Trace correlation：Datadog Profiler 自動跟 APM trace 關聯（透過 trace_id injection into profile sample）— Phase 3 要驗證這個 correlation 可用（在 Datadog APM 點 trace span、應該能跳到對應時段 profile）。

Deploy marker：CI 在 deploy 時打 Datadog deployment marker（datadog-ci deployment mark 或 API call）、讓 Profiler diff view 知道 baseline / candidate 邊界。

完成標準：tag schema 1:1 對應、trace → profile deep link 可用、deploy marker 自動推送。

Phase 4：Pyroscope agent 關掉 + server 退役

逐步關 Pyroscope agent（per service rollout）：

先關低重要性 service（dev / staging / non-critical prod）
觀察 1-2 週、確認沒事故再關下一批
最後關 critical service、留 Pyroscope server 跑 1-2 週空 ingest（rollback 緩衝）
取消 Pyroscope server（decommission storage、release K8s resource、關 on-call rotation）

Pyroscope 歷史 profile data 保留策略：

多數場景：直接 archive S3 / GCS、未來查得到但不維護 query UI
強合規場景：export Pyroscope flame graph data 為 pprof file 保存（pprof 是長期可讀格式）

完成標準：所有 production service 只走 Datadog Profiler、Pyroscope server 取消、TCO 對比驗證符合預期。

5 個 production 踩雷

1. 兩家 agent 同時跑造成 production overhead

Phase 2 parallel run 期間 CPU overhead 2-4%、預期內。但有些 service 設定錯誤（例如 sampling rate 預設都拉高）變成 6-10% overhead、p99 飄升、誤判為 Datadog Profiler 自己的問題。修法是 parallel run 期間 Pyroscope sampling rate 降低 50%（已經有歷史 baseline、不需要全採）、且 Phase 2 不要在 peak event 期間跑。

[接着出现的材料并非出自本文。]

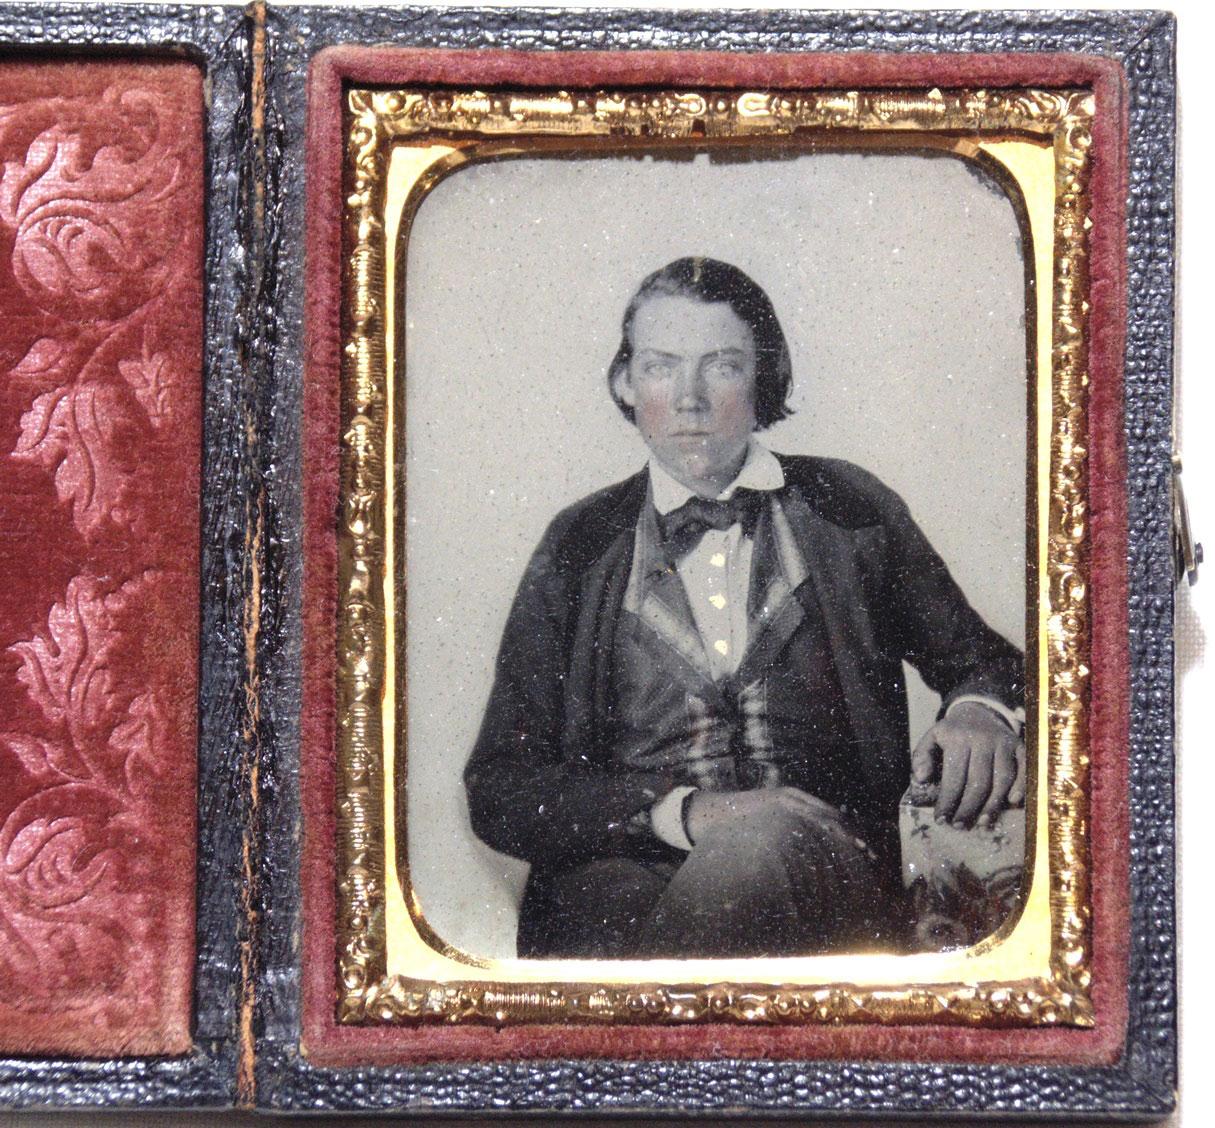 Photo Claimed to be Jesse James Surfaces | Art & Object

2. Tag schema 不一致導致 historic baseline 對不上

Pyroscope tag app=checkout-api 跟 Datadog service:checkout-api 都指同一個 service、但 Datadog 內 historic profile 沒有 app tag、所以從 Pyroscope 視角看 baseline 跟 Datadog 視角看 baseline 是不同的時段切片。Release regression 比較時用錯 baseline、會誤判 release 沒問題（實際 baseline 不對應）。修法是 Phase 3 明確記錄 Datadog Profiler 的 baseline 起算時間是 Phase 2 開始日、Pyroscope 歷史不直接搬入比較。

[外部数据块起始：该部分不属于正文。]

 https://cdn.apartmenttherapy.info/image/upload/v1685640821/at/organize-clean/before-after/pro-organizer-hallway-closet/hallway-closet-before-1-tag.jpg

3. Trace_id correlation 斷（Phase 3 最常見）

Datadog Profiler 自動關聯 trace 的前提是 同一個 Datadog Agent + APM SDK 注入 trace_id。如果 service 用 OpenTelemetry SDK + Datadog Agent（OTel-first 配置）、trace_id 注入方式不同、profile 跟 trace 可能無法自動 correlate。修法是 確認所有 service 用 Datadog SDK 或正確配 OTel-to-Datadog converter、在 Datadog APM 介面 random 抽 10 個 trace 驗證 profile correlation 是否 wire 通。

4. Cost 突增（Phase 4 後常見）

關掉 Pyroscope agent 後、Datadog Profiler 變成 sole profile source、ingest volume 上升、Datadog bill 比預估高 30-50%。原因通常是：

Profile sampling rate 不小心開太高（部分 service config 沒對齊）
Custom tag 太多（每個 unique tag combination 增加 indexing cost）
Profile event 量比預估高（service count × sampling rate × profile types）

修法是 Phase 1 cost forecast 要保留 30% buffer、且 Phase 4 完成後立即跑 Datadog usage report 確認 actual 跟 forecast 對比。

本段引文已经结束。